* SUPPLIED MATERIAL
○ ○ ○ ○ ○
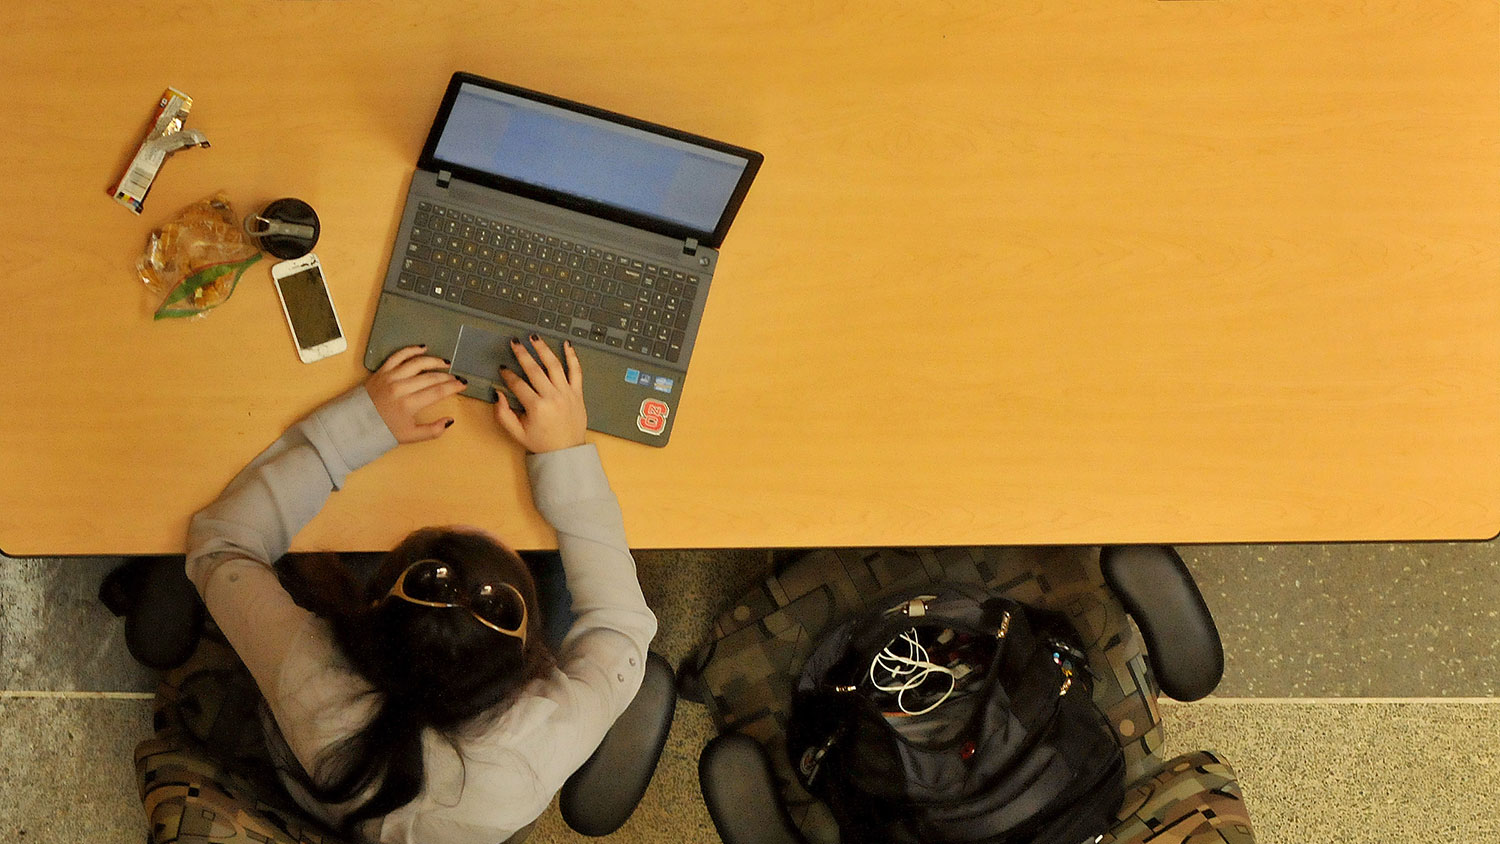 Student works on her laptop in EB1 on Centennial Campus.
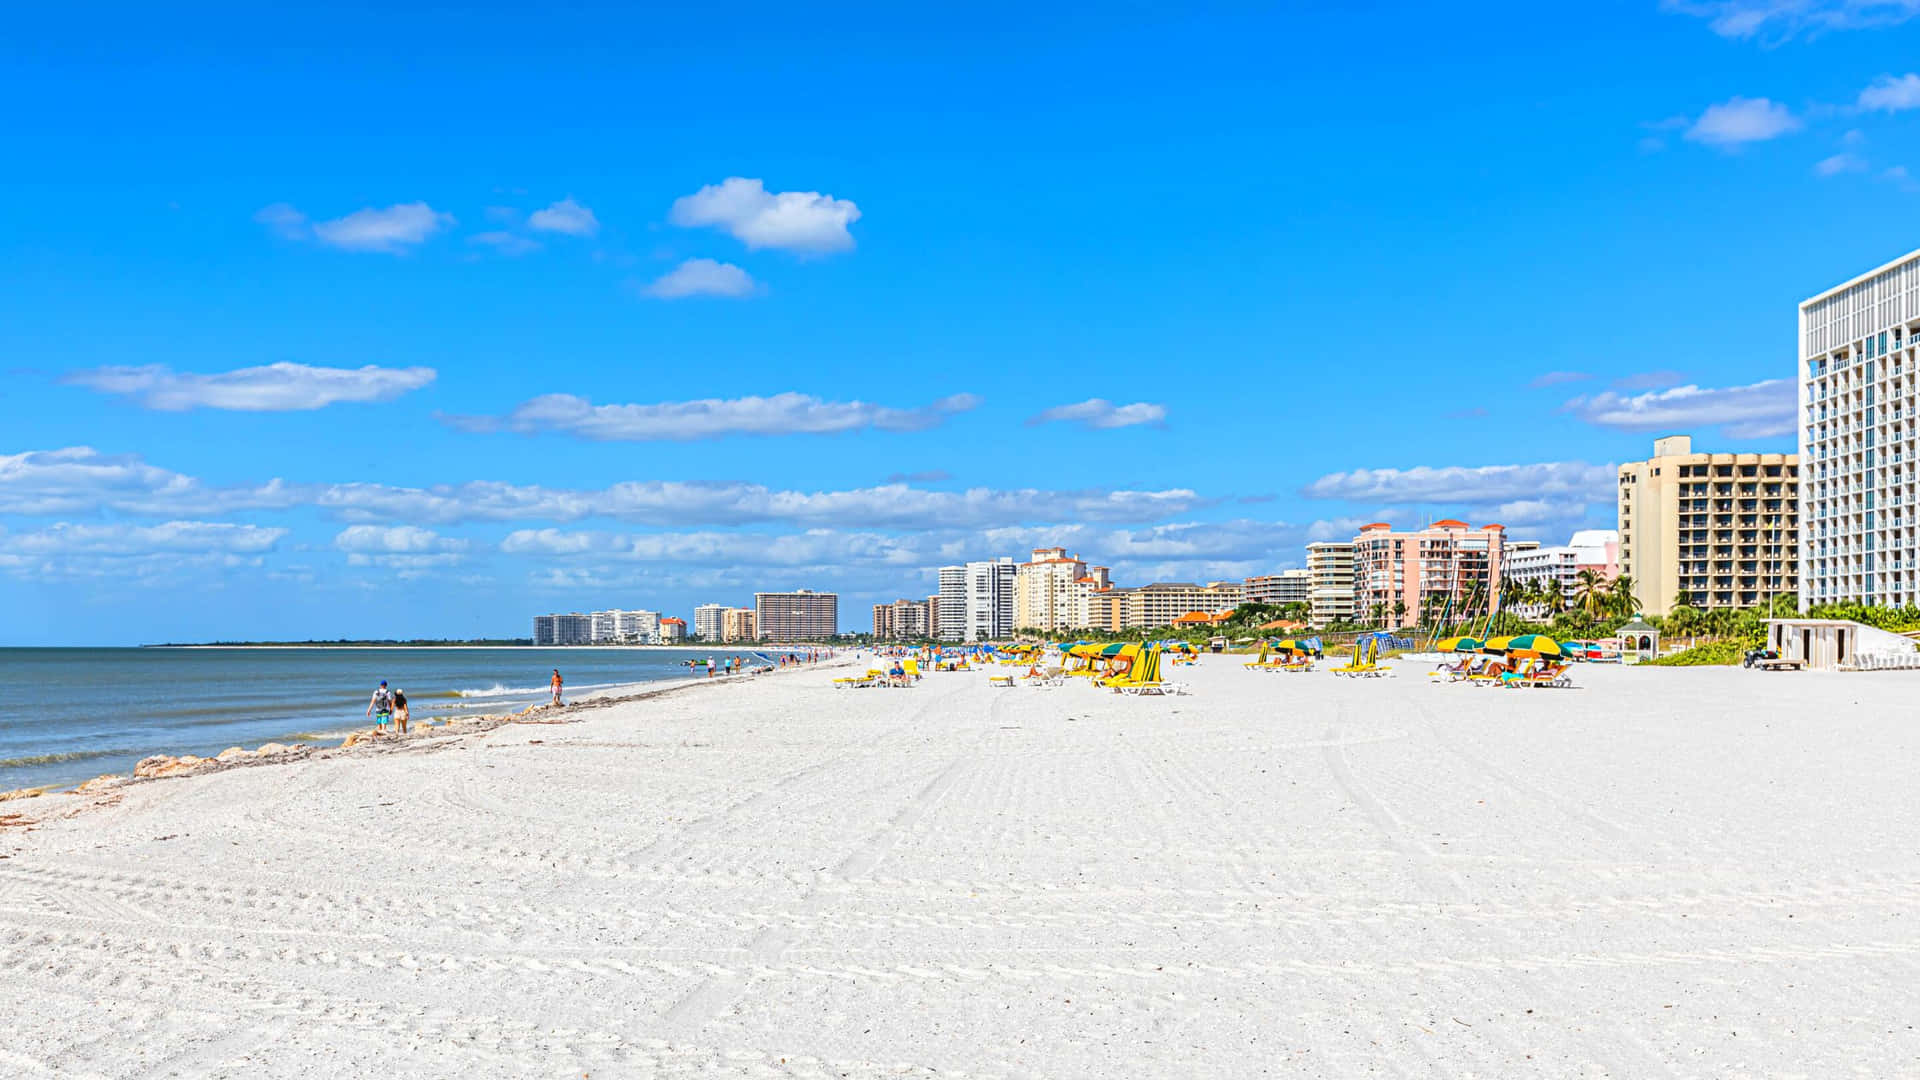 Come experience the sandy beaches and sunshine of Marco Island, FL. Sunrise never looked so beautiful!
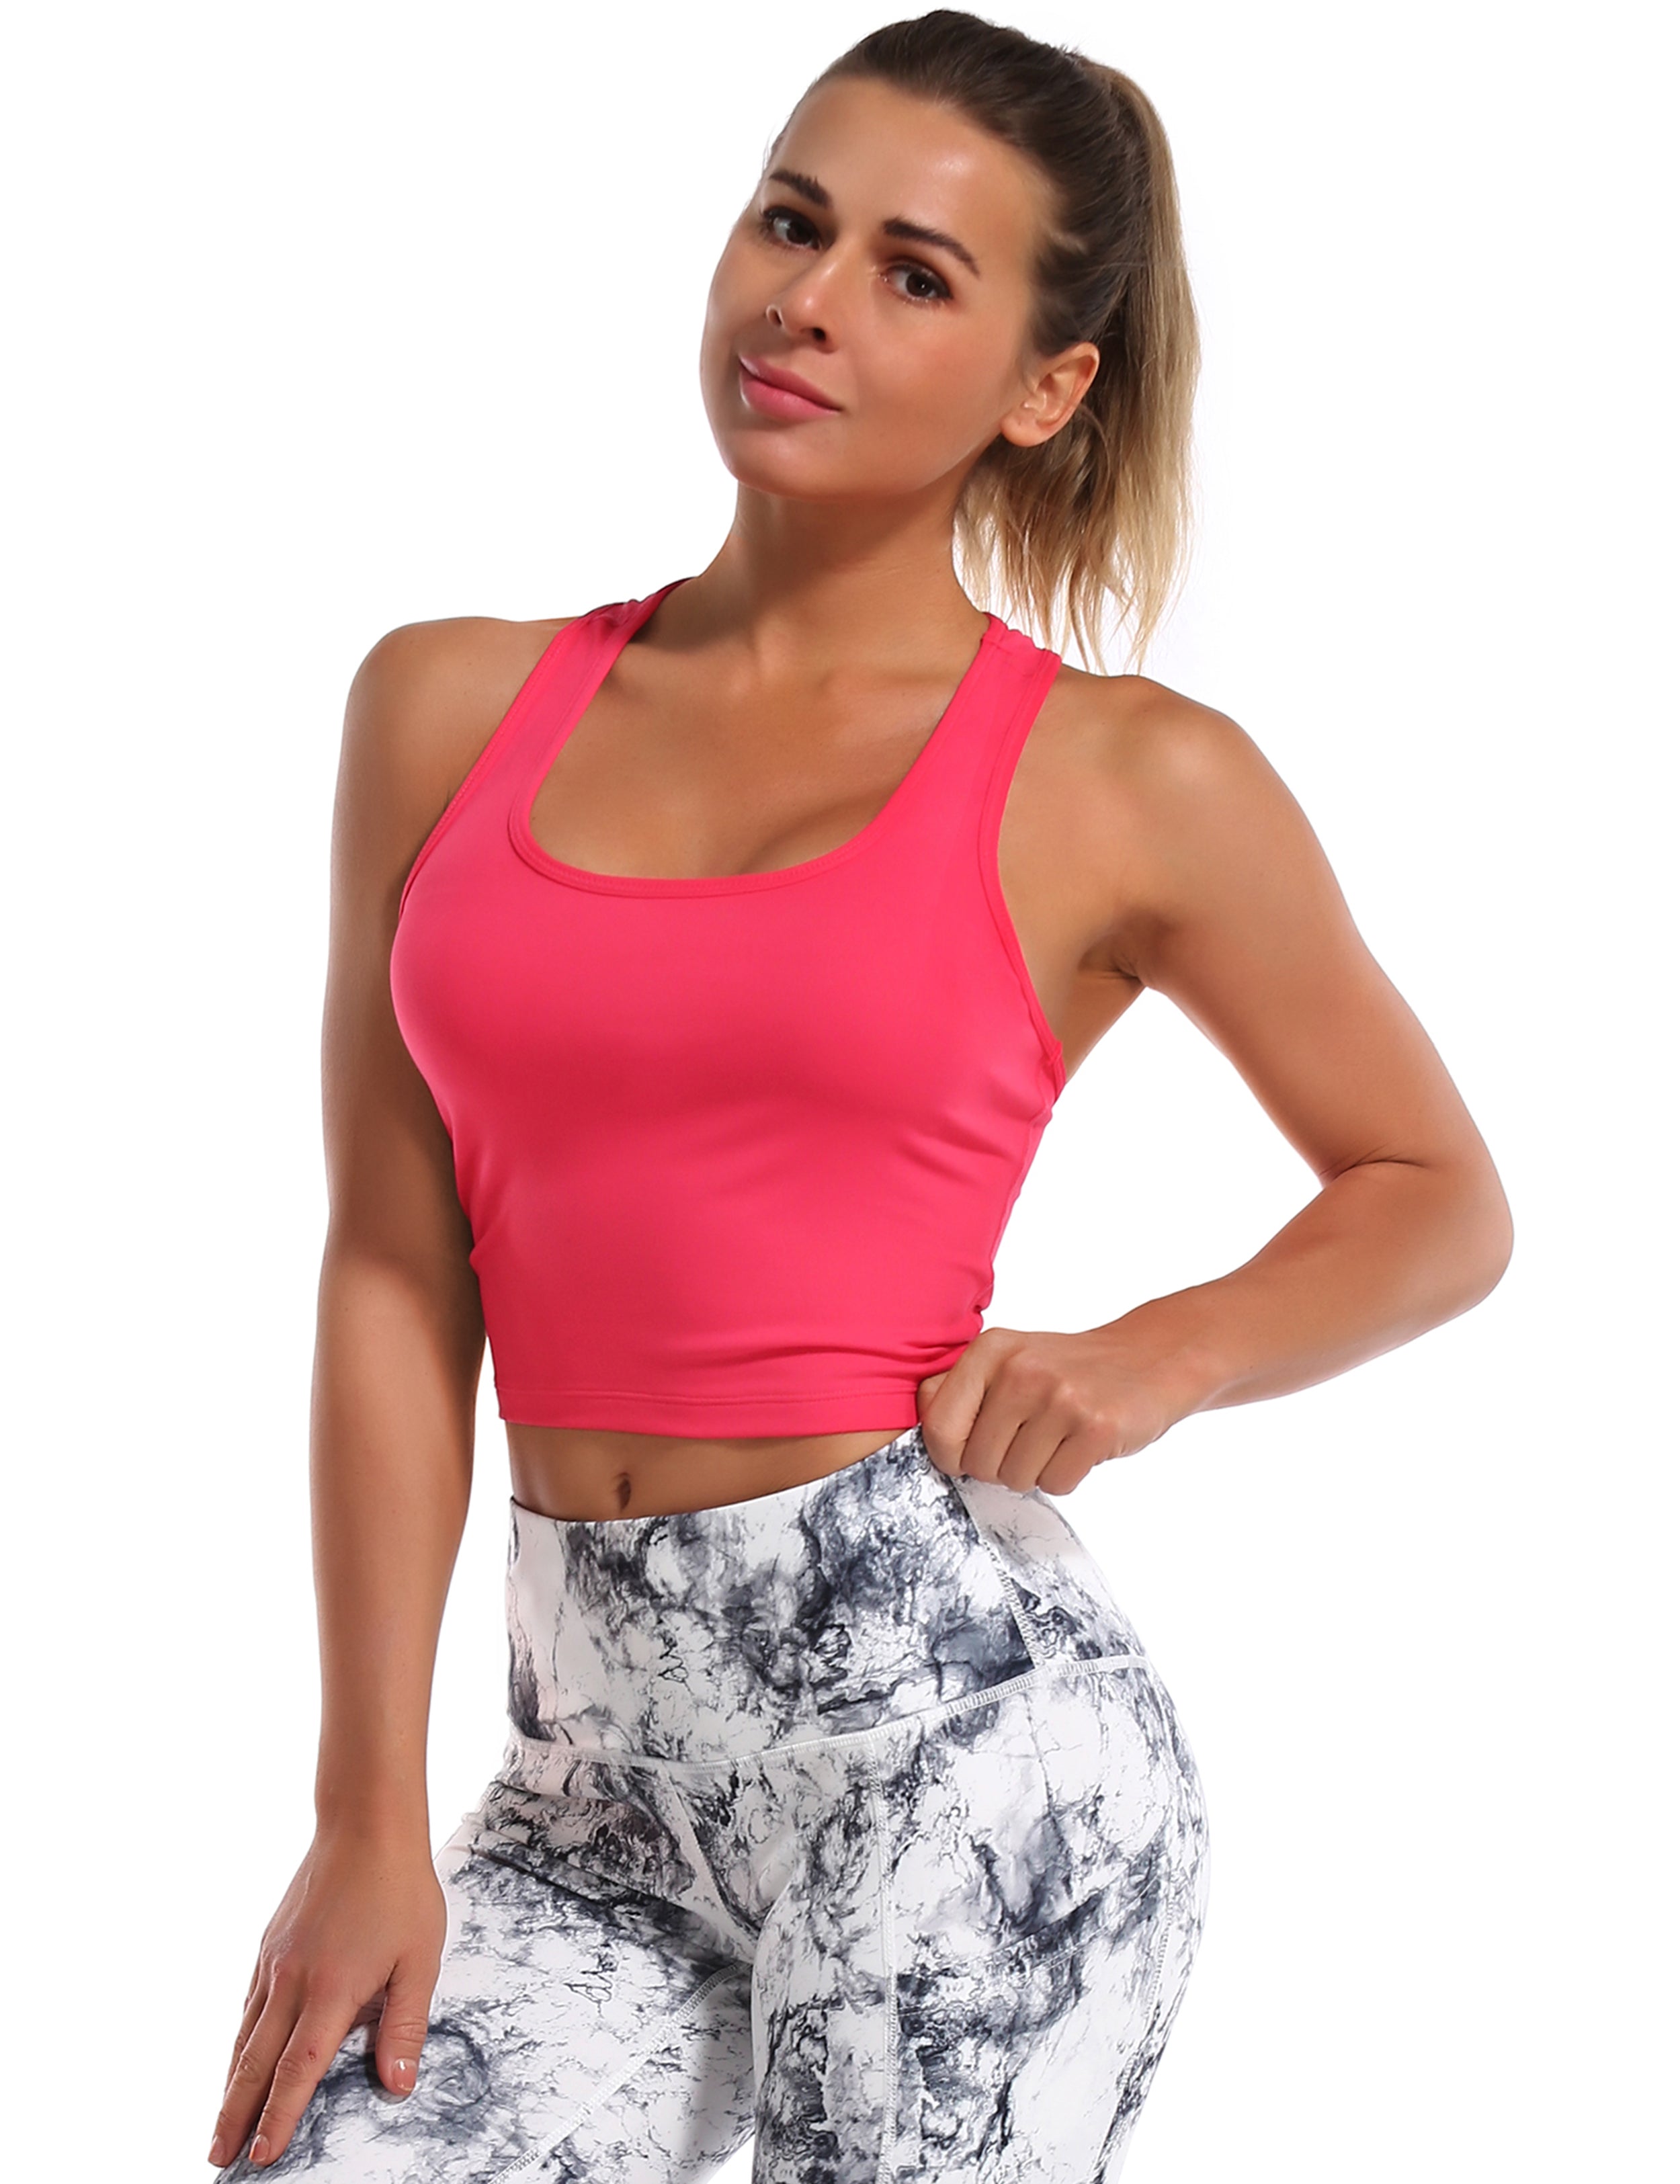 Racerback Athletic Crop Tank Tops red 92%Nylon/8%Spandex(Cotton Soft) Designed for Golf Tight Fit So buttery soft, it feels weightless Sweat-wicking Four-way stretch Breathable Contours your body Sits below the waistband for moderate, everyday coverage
○ ○ ○ ○ ○
* WORK TO BE COMPLETED
The data above are to be repeated word for word, with any pictures left out.

* TASK OUTPUT
 Student works on her laptop in EB1 on Centennial Campus.
 Come experience the sandy beaches and sunshine of Marco Island, FL. Sunrise never looked so beautiful!
 Racerback Athletic Crop Tank Tops red 92%Nylon/8%Spandex(Cotton Soft) Designed for Golf Tight Fit So buttery soft, it feels weightless Sweat-wicking Four-way stretch Breathable Contours your body Sits below the waistband for moderate, everyday coverage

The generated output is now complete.